He’d thought, really, that the next time he saw Clint he’d be back to full Hawkeye mode. Phil wasn’t sure what to do with this damned sentimentality over the fact that Clint had decided to keep the facial hair he’d acquired on North Bar, like it was somehow a public favor of Phil’s he was wearing instead of a french cut.

“Nah,” Clint leaned out of their embrace and looked around, his chest expanding as he drank in the evening air. There was a satisfied glint in his eye, and he didn’t seem able to stop grinning. “Nah, I put effort into this. Anyway,” he winked at Phil, “my boyfriend kinda likes it.”

“Your boyfriend is over fifty,” Phil told him, trying to keep a deadpan as he watched Clint walk over to greet the chickens, bending low in what was probably a deliberate show of his assets, “and suggests we find some other phrase for that.”

“My _man_ ,” Clint drawled, still squatting, poking his fingers through the fence to the yard and the chicken wire, trying to entice Tasha closer, “can suggest whatever the hell he wants, as long as he gives me the chance to take this baby for a test drive later tonight. See how he likes it against the inside of his thighs.”

His tone of voice hadn’t changed at all, nor had he done so much as shift from boot to boot, and yet without even turning back to look at Phil, Clint had somehow managed to insinuate an entire night’s worth of distracting activities into Phil’s already teeming brain.

“Jesus, Clint,” Phil said, feeling himself go hot. “Is this what it’s going to be like all the time?”

“We can only hope,” Clint replied, standing at last and turning back to him. He held out a hand and motioned Phil forward. “Speaking of Stark, though, he and Nick have been up to no good. Made me bring something down to you. For some reason they thought you wouldn’t say no if it was me doing the presentation.”

“Oh god,” Phil said, as he took Clint’s hand. 
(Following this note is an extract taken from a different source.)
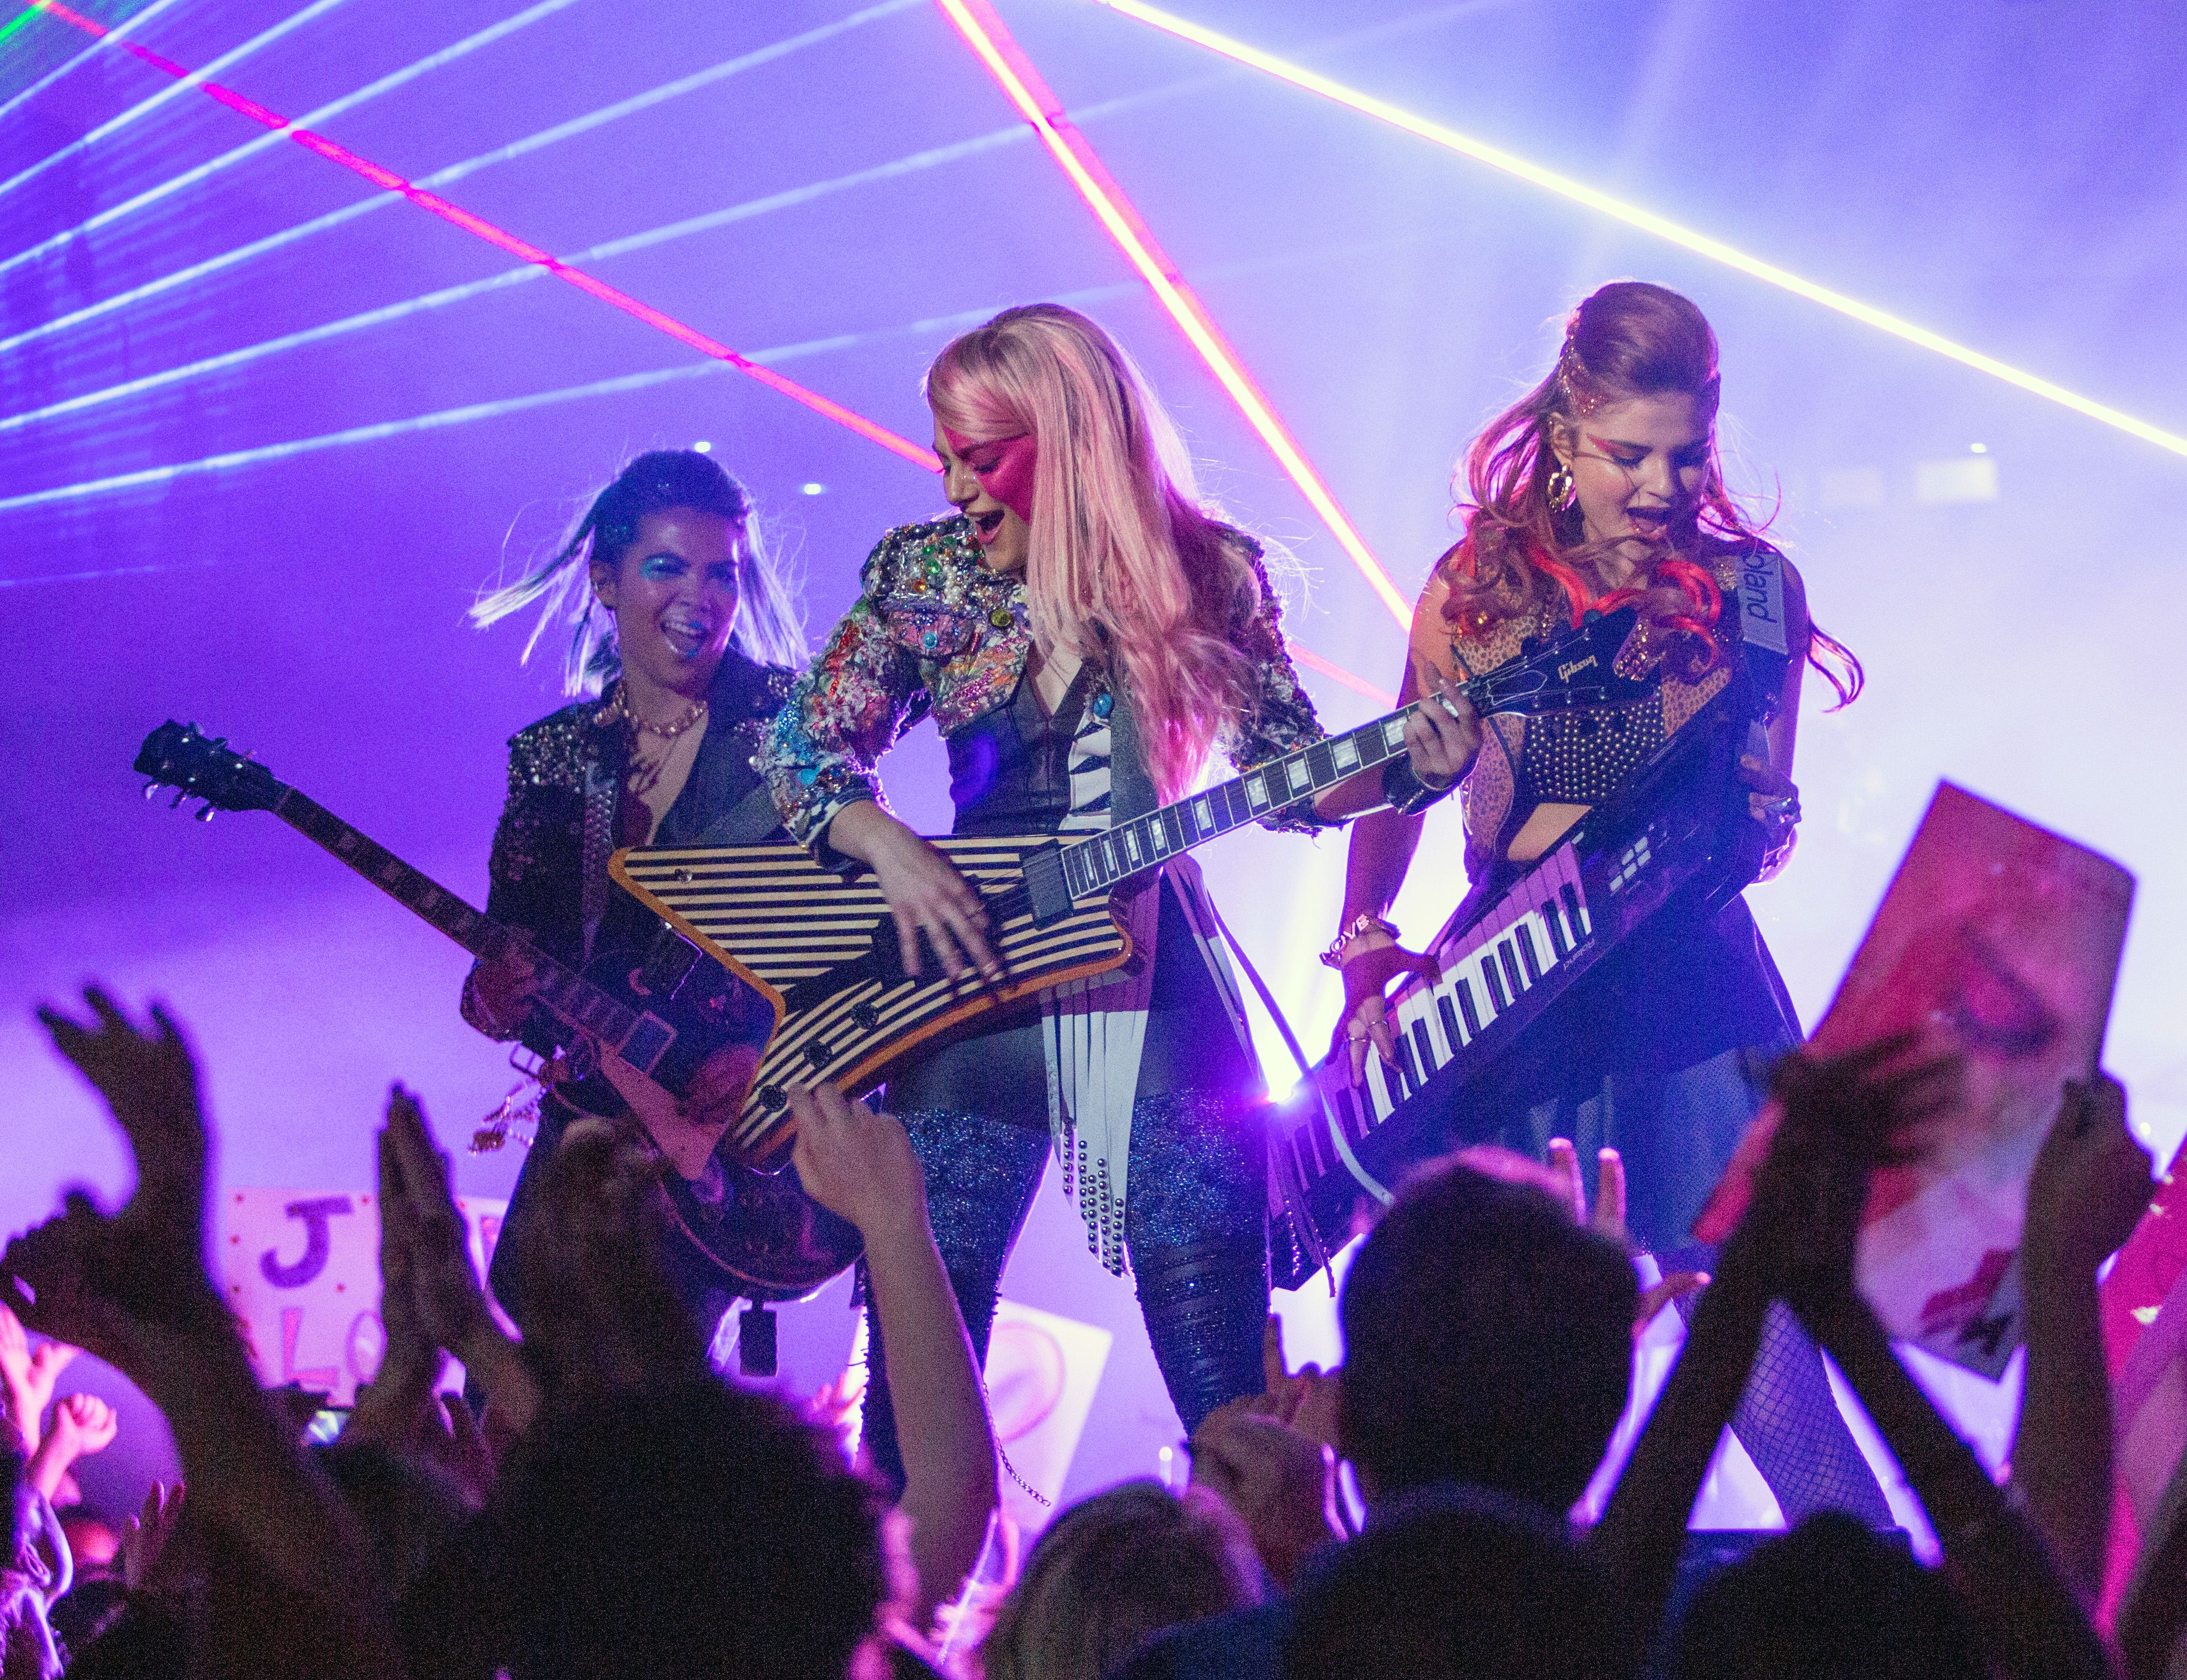 Jem and the Holograms Photo

Only a week into this odd new job he’d apparently acquired, without anything more legal than a memo of understanding between them, and already he’d learned that no good ever came of Nick Fury and Tony Stark teaming up on him. The last time it had happened, he’d-- well, the evidence was piled all around the mansion, in the form of building materials ready to pour an asphalt landing pad over the unoffending back lawn and the piles of equipment that had been carted into the mansion to upgrade what Phil had already thought had been a perfectly adequate technology room.

As he and Clint walked back up the mansion, fingers threaded together and Lucky streaking before them, Phil tried to come to grips with this feeling that the entire world was shifting around him, secret passageways opening and closing in the air, walls shifting behind the brush, and the grass migrating beneath his feet.

It was Clint who centered him again, moving along the sandy path to the center of North Bar like he’d always known its secret ways, and Phil let out a happy little grunt before he could stop himself. Dog, chicken, island-- all felt as satisfied as he was at the moment. 

His return to North Bar was not for good and for all, not like the first time he’d stepped on her, when he’d found it difficult to leave her for more than an afternoon at a time; Clint’s room in the Tower was undergoing a similar transformation as his had, clothes shifting and making room for a foreign set of socks and underwear. Stark was fitting out a set of offices just off it, plus a smaller room for Skye. 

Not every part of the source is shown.